ASSIGNED TASK: Your answer must be the exact lines of the listing below that run from the line with "Castle Rock Assisted Living in google map" to the line with "Less Talk, More", ends included, and no pictures.

DATA:
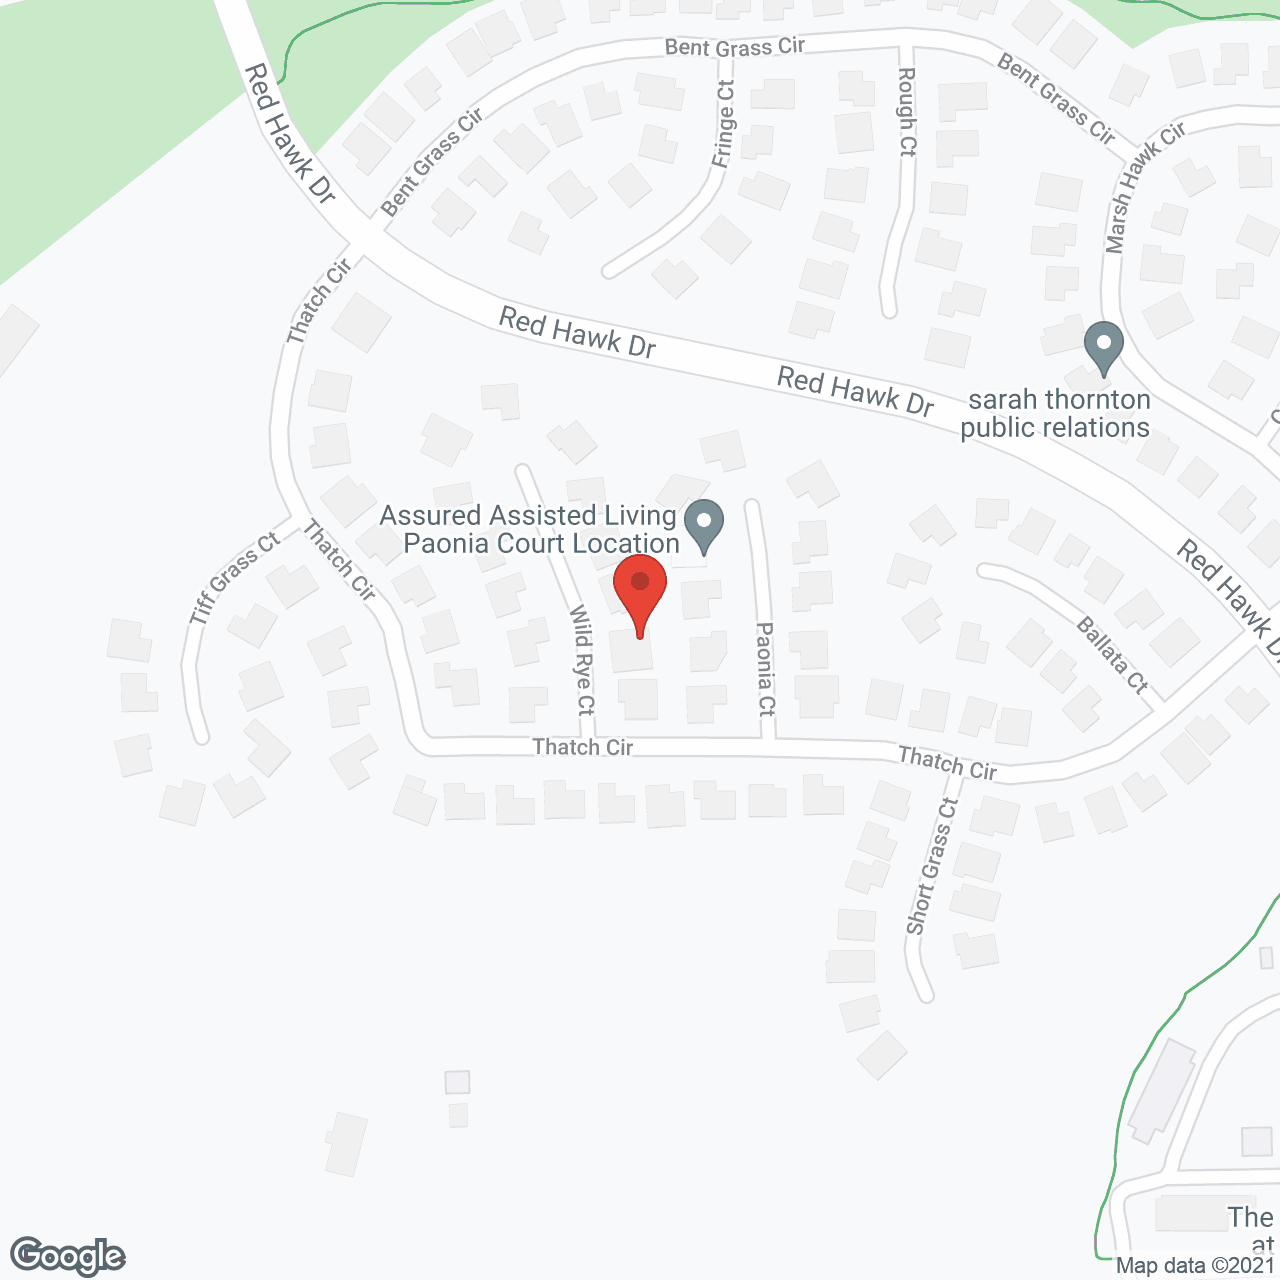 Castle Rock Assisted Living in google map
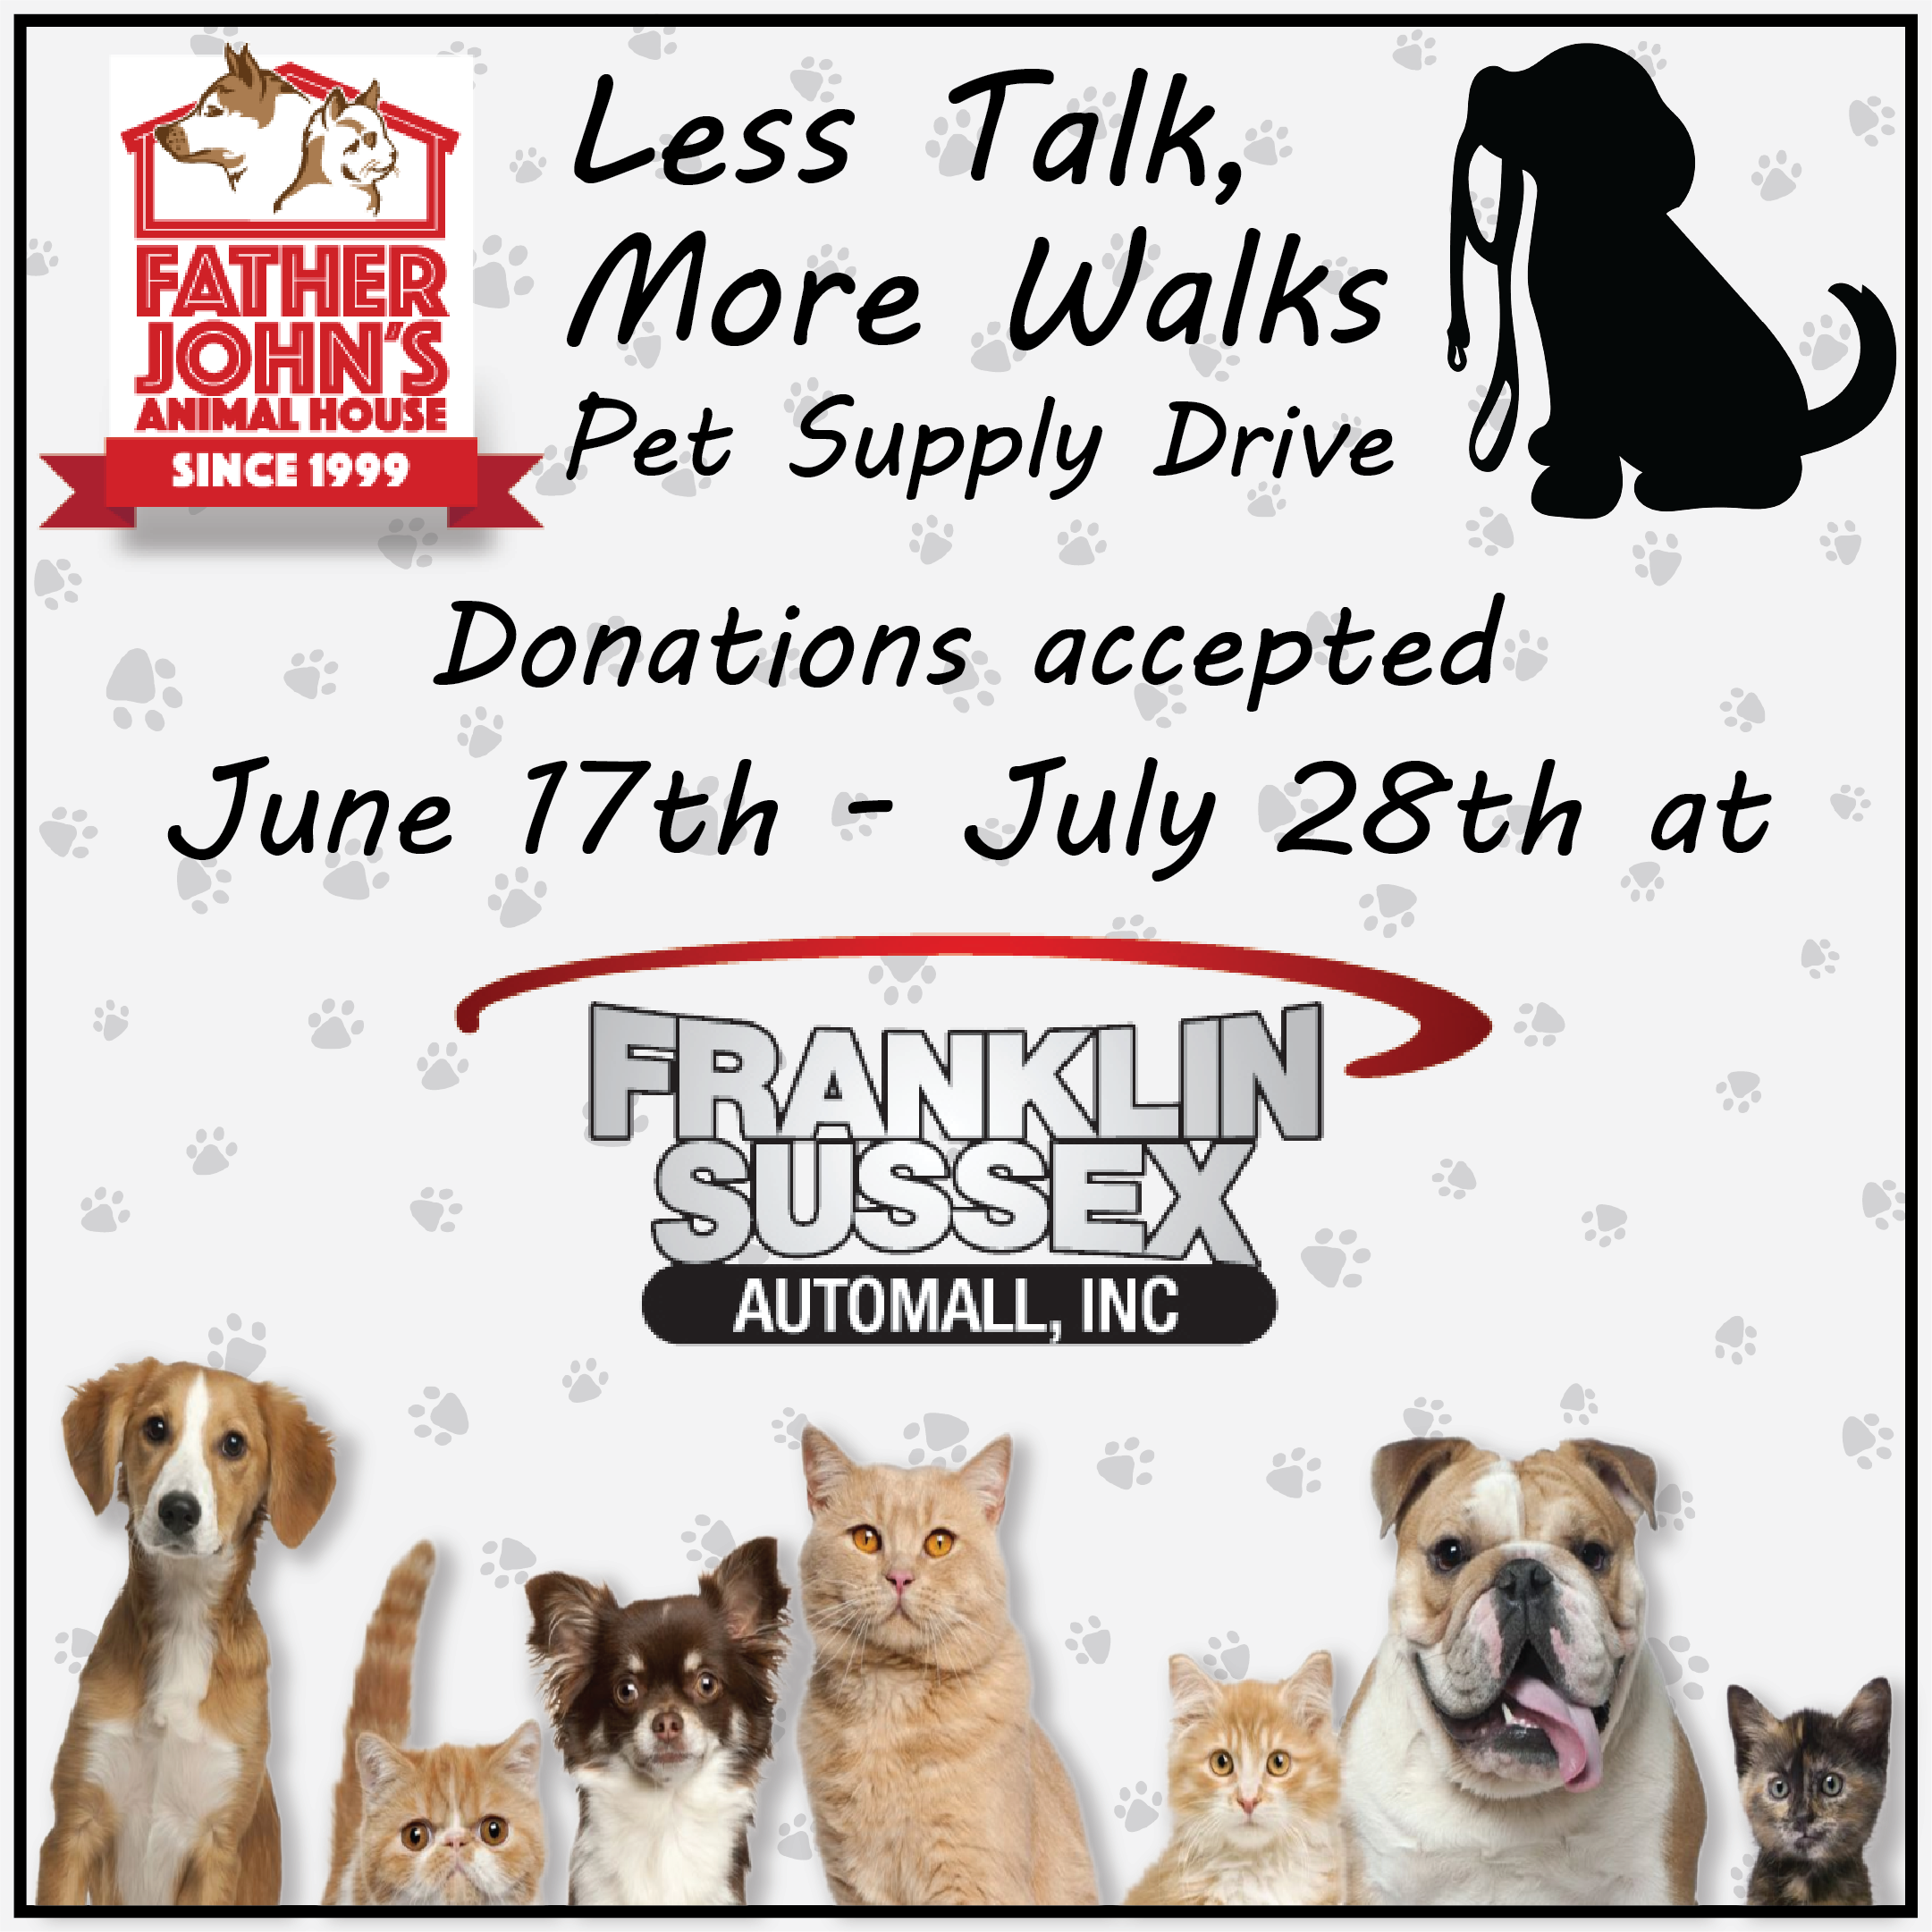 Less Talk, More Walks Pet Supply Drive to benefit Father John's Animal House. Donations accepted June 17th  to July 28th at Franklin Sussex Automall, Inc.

* * *

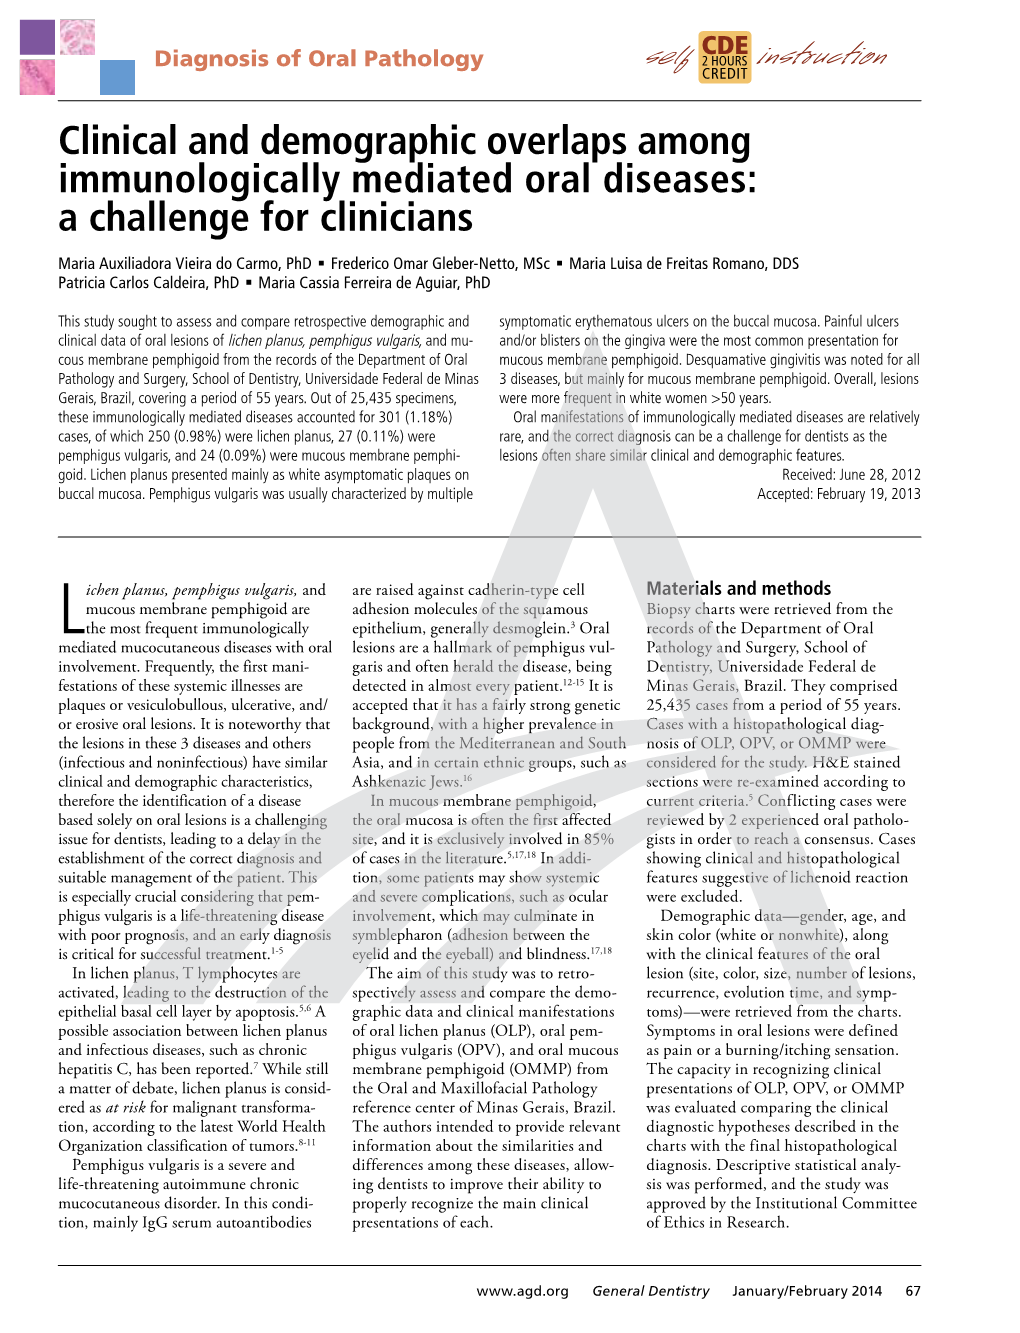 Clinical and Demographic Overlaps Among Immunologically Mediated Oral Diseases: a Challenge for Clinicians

==

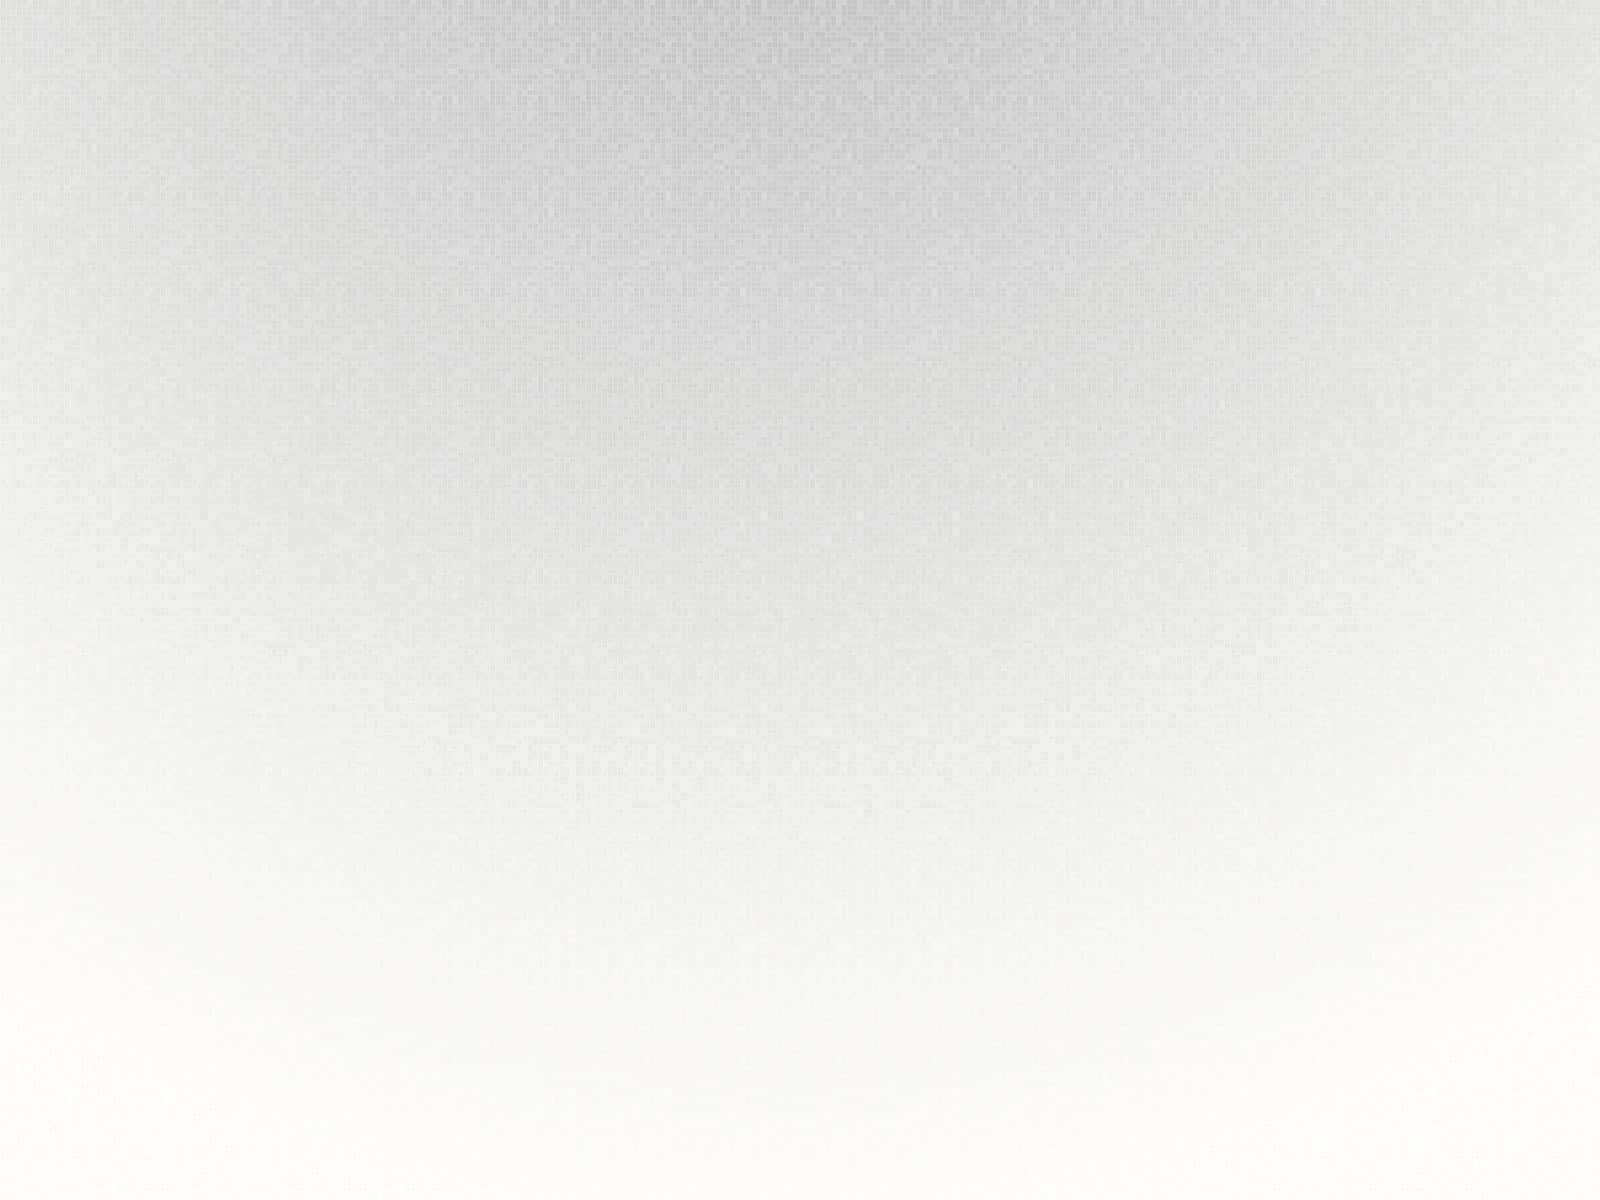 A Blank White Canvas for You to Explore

SOLVED PROBLEM:
 Castle Rock Assisted Living in google map
 Less Talk, More Walks Pet Supply Drive to benefit Father John's Animal House. Donations accepted June 17th  to July 28th at Franklin Sussex Automall, Inc.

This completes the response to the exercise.